Из того, на чем можно сидеть — только стул из ореха с бархатной когда-то подушкой и резной спинкой, сочетающийся с верстаком, как навощенный паркет с кирзовым сапогом.

Костистая мужицкая ладонь, казалось, не чувствующая остроты заусенцев на железках, сдвигает хлам в сторону, освобождая на столе место. Взгляд мужчины останавливается на пустой коробке папирос «Садко» и размокшей газете с царским манифестом от 19 июля 1914 года о вступлении России в войну: «Божею Милостию, Мы, Николай Второй, Император и Самодержец Всероссийский…».

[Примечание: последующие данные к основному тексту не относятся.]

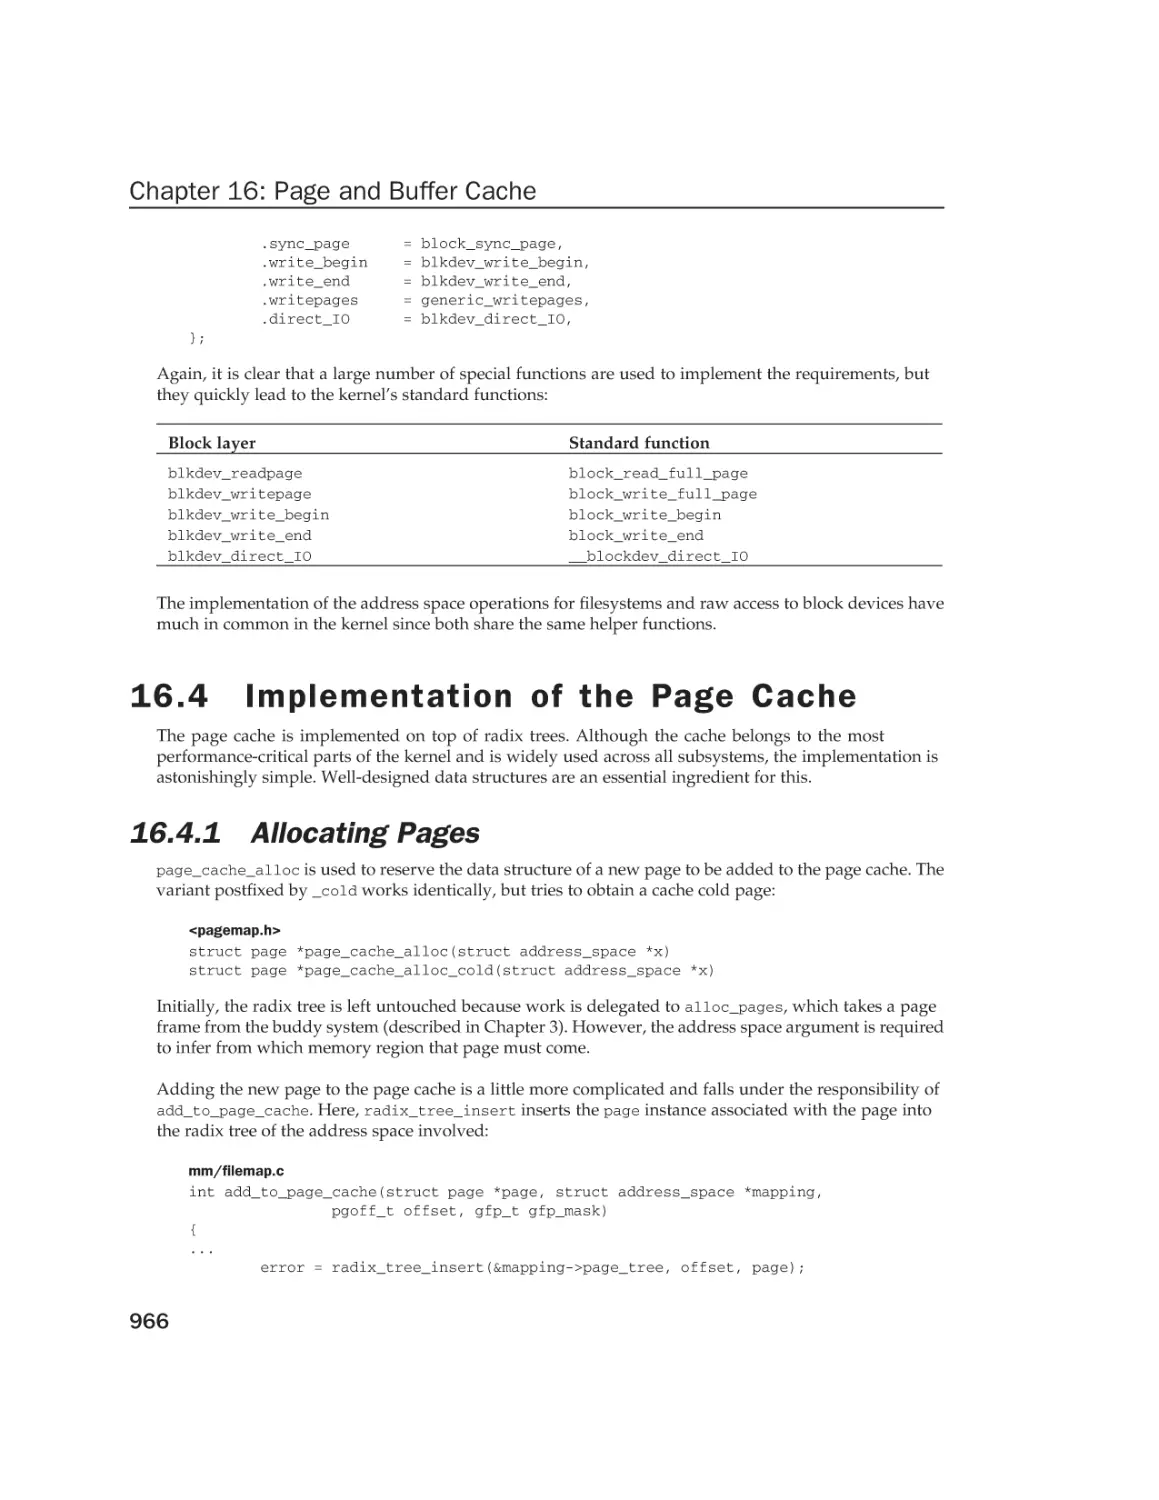 16.4 Implementation of the Page Cache

Он шарит под накидкой, выуживает портсигар, раскрывает его, берет папиросу, стучит мундштуком по крышке, разминает, подносит к губам. Но, словно вспомнив что-то, кладет ее обратно, защелкнув металлический футляр.

За его спиной в гулкой пустоте раздается надсадный кашель и басовитый голос:

— А вот скажи на милость, зачем летчик кричит: «От винта!»?

Мужчина резким кистевым броском зашвыривает портсигар в кучу авиационного мусора и, не оборачиваясь, отвечает:

— Это он о ближнем заботится, чтобы лопастями кого не порубило.

— Все равно — выше моего разумения, как это тяжелое железо в воздухе парит. Ты меня зачем позвал, чадо?

Офицер медленно, всем туловищем, будто опасаясь, что увидит не того, кого ждал, поворачивается к собеседнику.

— Не вспомнил больше никого, кто меня понять бы мог…

— … а я тебе, ротмистр, почти родной, потому что сорок дней назад тобою убиенный? — гоготнул тот.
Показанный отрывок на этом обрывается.